A recent article in DW asks the question “Support for climate action up, so why does it feel hopeless?”
Why indeed.
The answers are:
1. The Republican party
2. Evangelical White Christian Nationalists
3. Donald Trump
4. The donors and funders of Trump and the MAGA congregants
5. The increasing loss of agency by individuals in the daily battle against the world wide web, advertising, demands that we humans are but servomechanisms to Da Machine, the inability to get any corporation, bank, pharmacy, telecommunications company, public agency regulator, or health care provider to apologize and to treat you with respect.
6. The effects of disenfranchisement and widespread violence making people conflict-avoidant.
“Despite misinformation, divisive political rhetoric and angry protests, an overwhelming majority of people seem to back climate action. But to make real progress, analysts say, people need to realize they're not alone,” DW continues.
A study released in February by the University of Bonn, the Leibniz Institute for Financial Research SAFE and the University of Copenhagen reveals that 86% of the world population supports climate measures, with 89% calling for even more political action.
The study was carried out in 2021 and 2022 across 125 countries, with behavioral researchers speaking with almost 130,000 people, either by phone or in person.
This disconnect fuels climate anxiety, an overwhelming sense of guilt or panic over global heating and the cascading effects of climate change.
"Climate has been politicized in many, many parts of the world," said Li Shuo, who heads up the China Climate Hub at the Asia Society Policy Institute in Washington.

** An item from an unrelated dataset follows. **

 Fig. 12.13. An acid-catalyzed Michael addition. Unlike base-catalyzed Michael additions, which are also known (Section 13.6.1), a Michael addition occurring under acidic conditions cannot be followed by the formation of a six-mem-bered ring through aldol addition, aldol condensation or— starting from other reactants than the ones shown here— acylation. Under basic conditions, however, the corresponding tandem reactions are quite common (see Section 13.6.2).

And yet, people continue to email and phone their senators and congressmembers, governors and state and city legislators. People continue to email and phone the Bureau of Land Management and the U.S. Forest Service and the National Park Service and the California Public Utilities Commission demanding action. They are largely ignored. They keep doing it.
Schoolchildren sue the states for environmental protection. This actually succeeded, in Montana.
Judge Kathy Seeley of the 1st Judicial District Court in Montana found that Montana youth have a “fundamental constitutional right to a clean and healthful environment, which includes climate” as she struck down two laws that bar state agencies from considering the climate effects of fossil fuel projects.
As for Congress, there is one action that can be taken.
Vote.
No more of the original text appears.